Essa banda apresenta para o mundo uma forma de Deathcore com o peso do Death Metal em alguns momentos, criando uma sonoridade extremamente agradável dentro da destruição do Death Metal que é sempre uma coisa magnífica e com o Deathcore que traz a energia da alma nova.

A primeira música é logo de cara uma forma de criar a atmosfera mais obscura possível para o álbum, o teclado sendo colocado em prática da melhor forma possível, um cenário totalmente tenebroso em que sua alma está caminhando por um labirinto e encontra seus piores pesadelos, mas o pior de todos é conseguir olhar para seu reflexo e no espelho e notar que você está morto.

Still the Ashes Reveal é a música que começa com a pedrada sem piedade, o vocal dessa banda prova que a mescla entre o Death Metal e Deathcore é real, o vocal rasgado consegue dar uma podridão para a música que é totalmente necessária, a bateria rápida consegue criar uma energia muito impactante na música e consegue fazer todos tirarem o chapéu para essa magnífica arte criada por essa banda.

Com uma introdução tão bem feita, tão bem pensada para criar o medo em quem escuta, a banda consegue logo em seguida puxar a total adrenalina dentro da alma de cada um, uma que consegue logo de cara ganhar todos os que escutam esse trabalho excelente criado pela K.R.K

Se a faixa Still the Ashes Reveal  já começa no grito, começa puxando mais o Deathcore, então a faixa seguinte intitulada “Eclipse” começa puxando o Death Metal, com um gutural muito profundo que consegue calar a boca de todos que um dia duvidaram da capacidade dessa banda incrível que consegue usar de forma extremamente inteligente a sonoridade do teclado.

Eclipse é a faixa que deixa claro para todos que a banda sabe apostar em coisas novas, sabe utilizar novos instrumentos e sair do mesmo, sabe criar uma base diferente, sabe também destruir tudo, uma música que consegue ganhar o respeito de qualquer pessoa.

Um ponto muito importante e interessante é que essa banda pode muito bem agradar a todos que escutam um bom e bem feito Symphonic Black Metal, uma vez que a banda tem um lado meio puxado para a melodia obscura do Symphonic Black Metal, conseguindo com isso puxar a alma de todos para as musicas da Kill Robot Kill.

Fear Makes the Wolf Look Bigger é um excelente exemplo de atmosfera Symphonic Black Metal, ela tem uma capacidade de colocar as sombras em sua mente e tem uma impactante bateria que consegue puxar um prato da melhor maneira possível, trabalhando todos os instrumentos da forma mais criativa possível, uma qualidade impecável dessa banda é que o baixo consegue aparecer da forma mais excelente possível, ele não fica escondido, uma guitarra que consegue puxar um peso excelente e melodia excelente também, criatividade não falta para essa banda.
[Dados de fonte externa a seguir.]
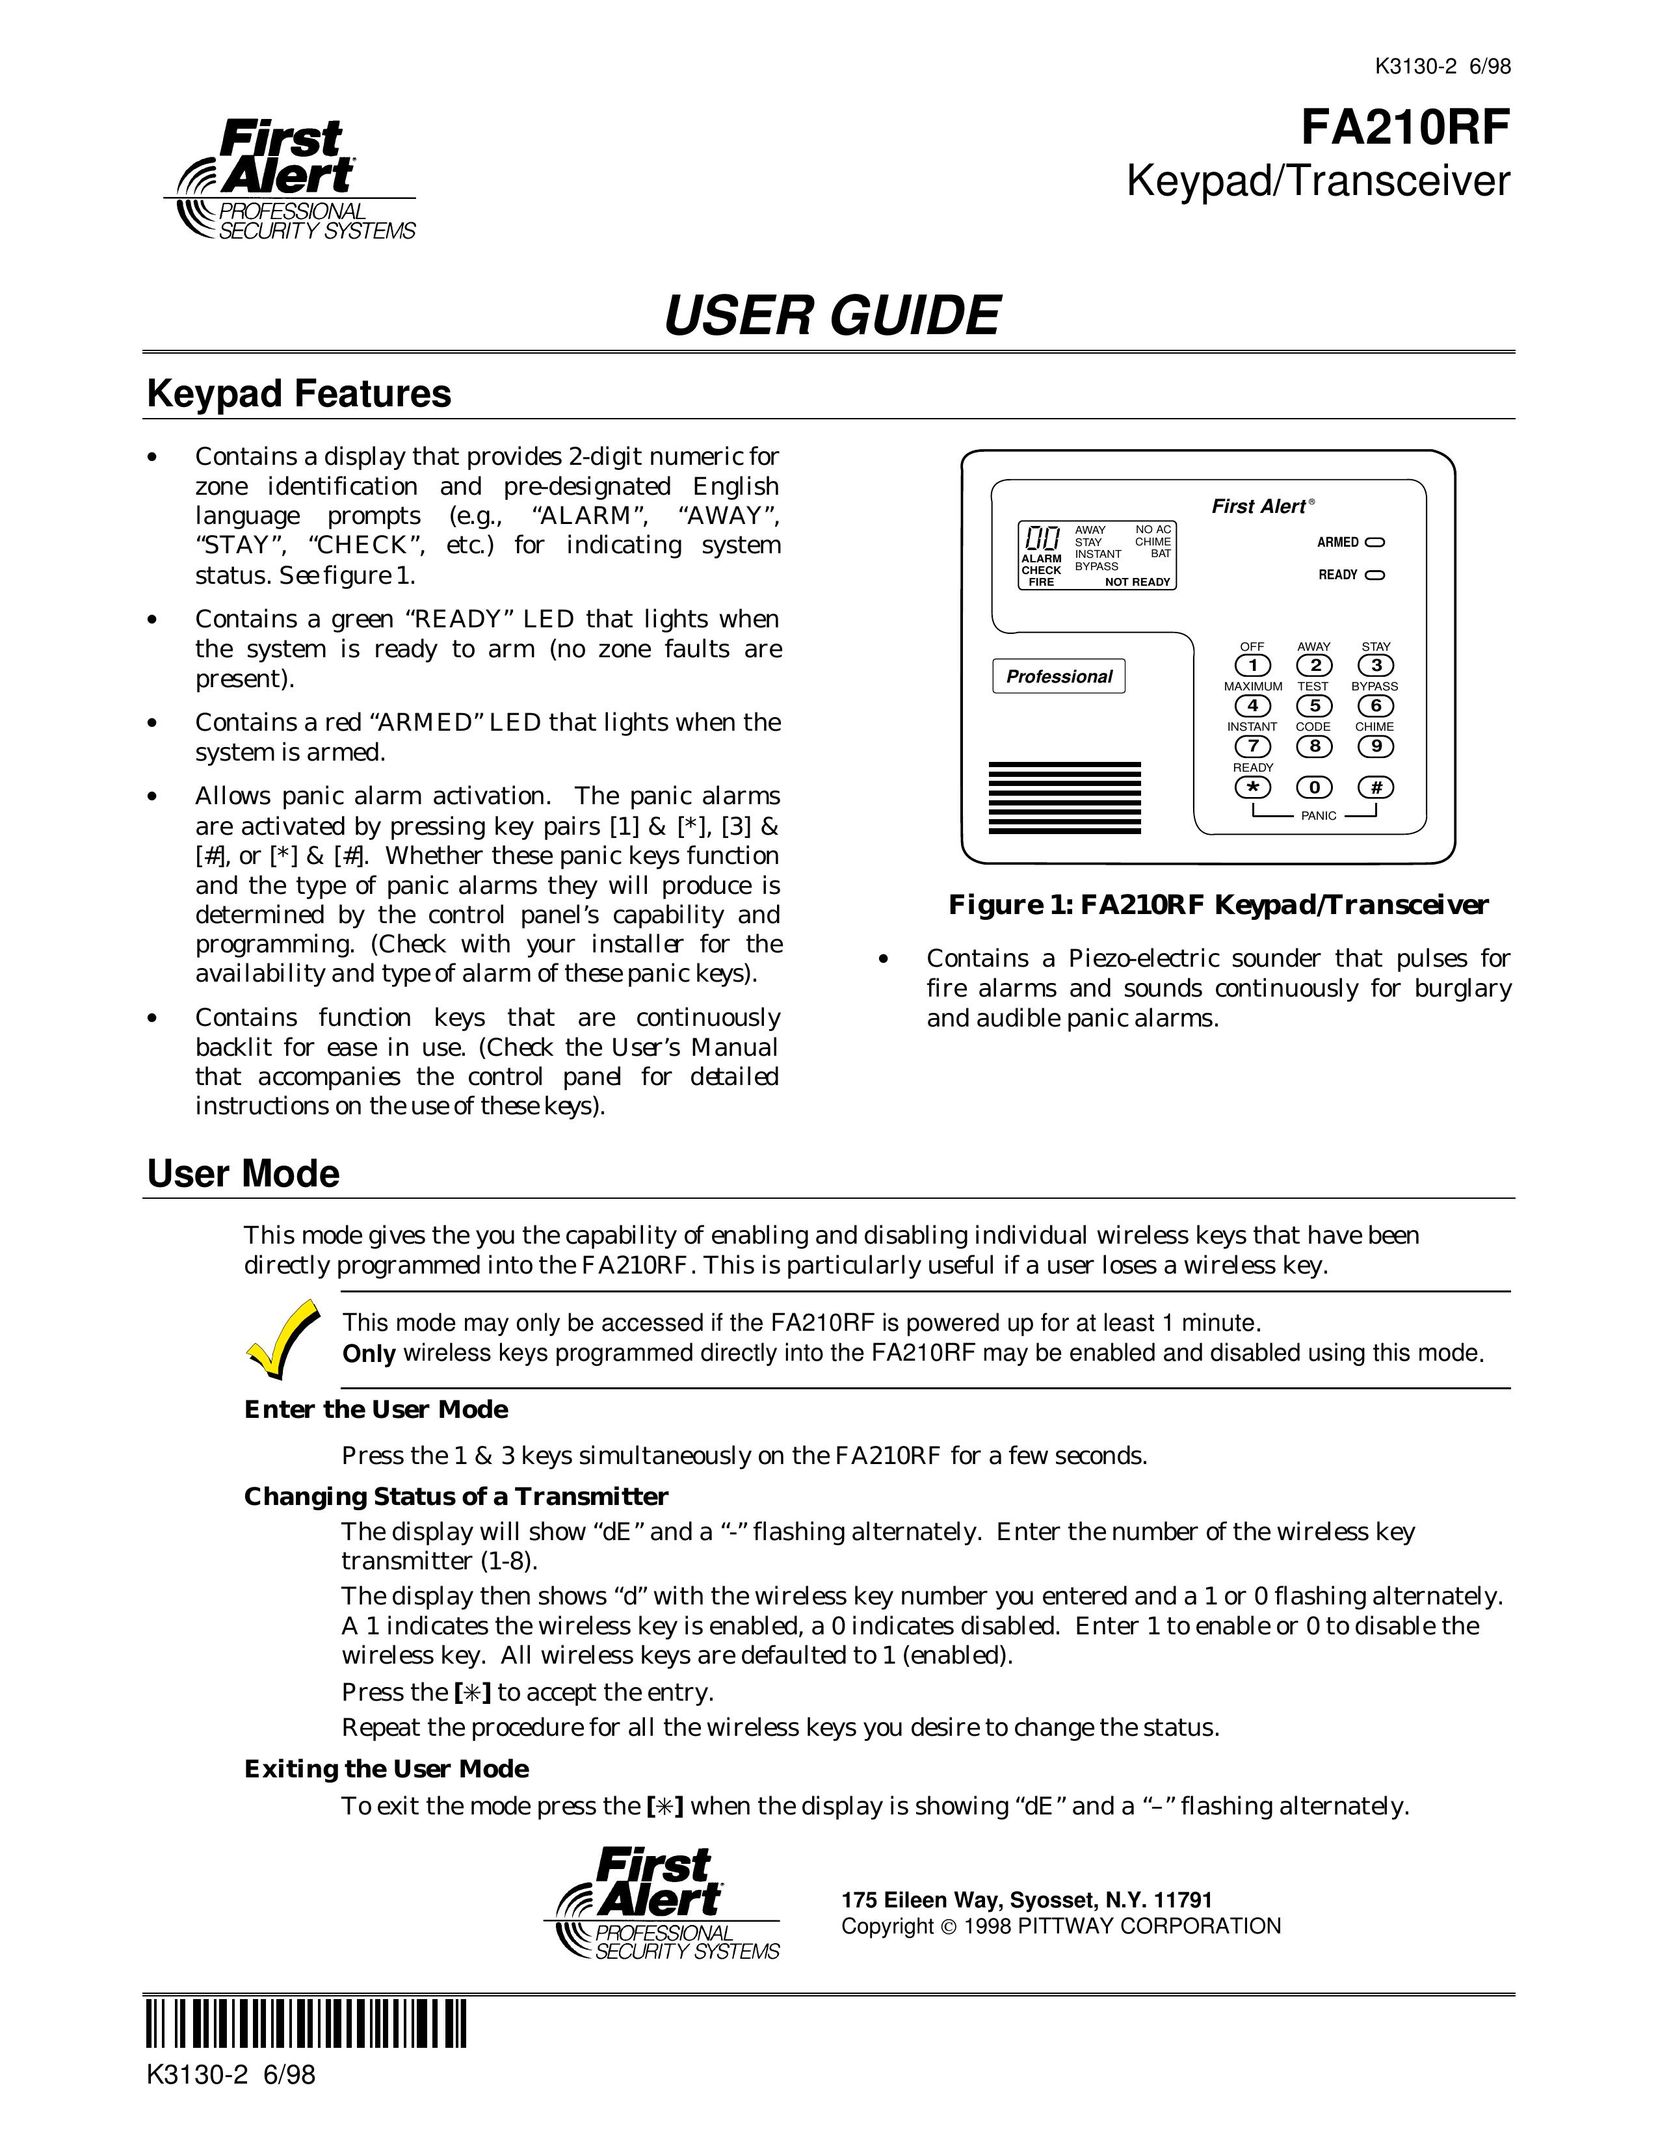 First Alert FA210RF Garage Door Opener User Manual

Já que é para criar medo então esta no momento de nascer a música “Enter: The Devil” uma música de outro planeta, realmente a melhor música do álbum, pela capacidade, pela agressividade e pela magnífica forma de ser cantada e com a alma que ela chega para todos, uma música que não deixa faltar nada.

Enter: The Devil é o exemplo de como fazer uma música de outro nível, uma forma me mostrar para todos que o peso não precisa ser repetitivo e que a junção do Deathcore com o Death Metal é genial se conseguir trabalhar com ambos e essa banda não só consegue, ela faz tudo isso de forma extremamente divina.

Kill Robot Kill, uma banda que consegue fazer a destruição ser ainda maior com o Deathcore.